Verify: SELECT * FROM user_notification_preferences WHERE user_id = 'test-user'; → should return one row per channel/type combination.

3. Implement fan-out with message queues

Publish the notification event to a central topic. Subscribers (one per channel) receive a copy and enqueue it for processing. [src5]

import boto3
import json

sns = boto3.client('sns', region_name='us-east-1')
TOPIC_ARN = 'arn:aws:sns:us-east-1:123456789:notifications'

def publish_notification(event: dict):
    """Publish notification event to SNS for fan-out."""
    sns.publish(
        TopicArn=TOPIC_ARN,
        Message=json.dumps(event),
        MessageAttributes={
            'priority': {
                'DataType': 'String',
                'StringValue': event.get('priority', 'normal')
            }
        }
    )

Verify: Check SQS queue depth after publishing: aws sqs get-queue-attributes --queue-url $QUEUE_URL --attribute-names ApproximateNumberOfMessages → should increment by 1 per subscribed queue.

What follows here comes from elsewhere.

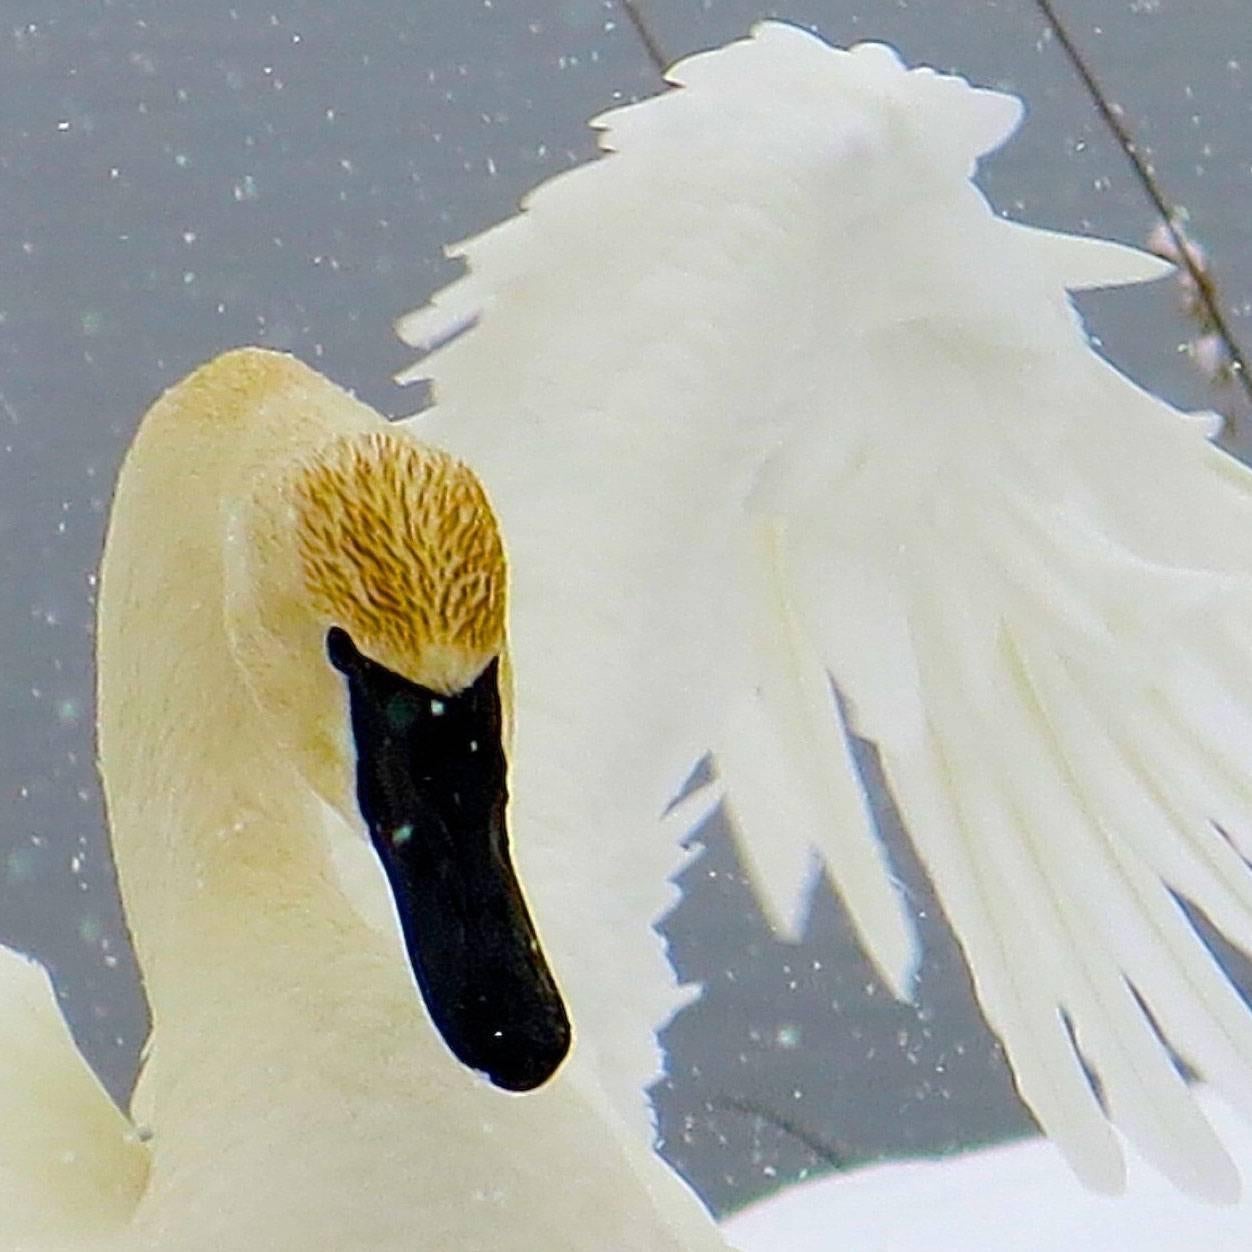 Swan in Snow - Print by Sandra Lee Kaplan

4. Build channel-specific processors

Each processor pulls from its queue, checks user preferences, renders the message, and calls the external provider. Implement exponential backoff for retries. [src3]

import firebase_admin
from firebase_admin import credentials, messaging

cred = credentials.Certificate('service-account.json')
firebase_admin.initialize_app(cred)

def process_push(event: dict):
    tokens = get_device_tokens(event['recipient_id'])
    if not tokens:
        return {'status': 'skipped', 'reason': 'no_tokens'}
    message = messaging.MulticastMessage(
        tokens=tokens[:500],
        notification=messaging.Notification(
            title=event['data'].get('title', 'Notification'),
            body=event['data'].get('body', ''),
        ),
        data={k: str(v) for k, v in event['data'].items()},
    )
    response = messaging.send_each_for_multicast(message)
    return {'success': response.success_count}

Verify: Check FCM response — response.success_count should be > 0 for valid tokens.

5. Add in-app notification delivery via WebSocket

For real-time in-app notifications, maintain persistent connections and use Redis Pub/Sub for cross-instance routing. [src4]

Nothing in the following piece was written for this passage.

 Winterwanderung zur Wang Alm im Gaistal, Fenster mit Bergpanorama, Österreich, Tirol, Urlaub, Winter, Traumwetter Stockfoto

const { Server } = require('socket.io');
const { createClient } = require('redis');

const io = new Server(3001, { cors: { origin: '*' } });
const redisSub = createClient({ url: process.env.REDIS_URL });

const userSockets = new Map();

io.on('connection', (socket) => {
  const uid = socket.handshake.auth.userId;
  if (!userSockets.has(uid)) userSockets.set(uid, new Set());
  userSockets.get(uid).add(socket.id);
  socket.on('disconnect', () => {
    userSockets.get(uid)?.delete(socket.id);
  });
});

redisSub.subscribe('notifications:in_app', (message) => {
  const event = JSON.parse(message);
  const sockets = userSockets.get(event.recipient_id);
  if (sockets) sockets.forEach(id => io.to(id).emit('notification', event.data));
});

Verify: Connect a test WebSocket client and publish to Redis channel notifications:in_app → client should receive the event within 100ms.

6. Implement retry logic and dead letter queues

Configure exponential backoff with jitter. After max retries, move to DLQ for manual inspection. [src3]

import time, random

MAX_RETRIES = 5
BASE_DELAY = 1

def process_with_retry(event, processor_fn):
    for attempt in range(MAX_RETRIES):
        try:
            return processor_fn(event)
        except TransientError as e:
            if attempt == MAX_RETRIES - 1:
                send_to_dlq(event, str(e))
                raise
            delay = BASE_DELAY * (2 ** attempt) + random.uniform(0, 1)
            time.sleep(delay)
        except PermanentError as e:
            send_to_dlq(event, str(e))
            raise

Verify: Check DLQ depth after intentionally sending a malformed payload.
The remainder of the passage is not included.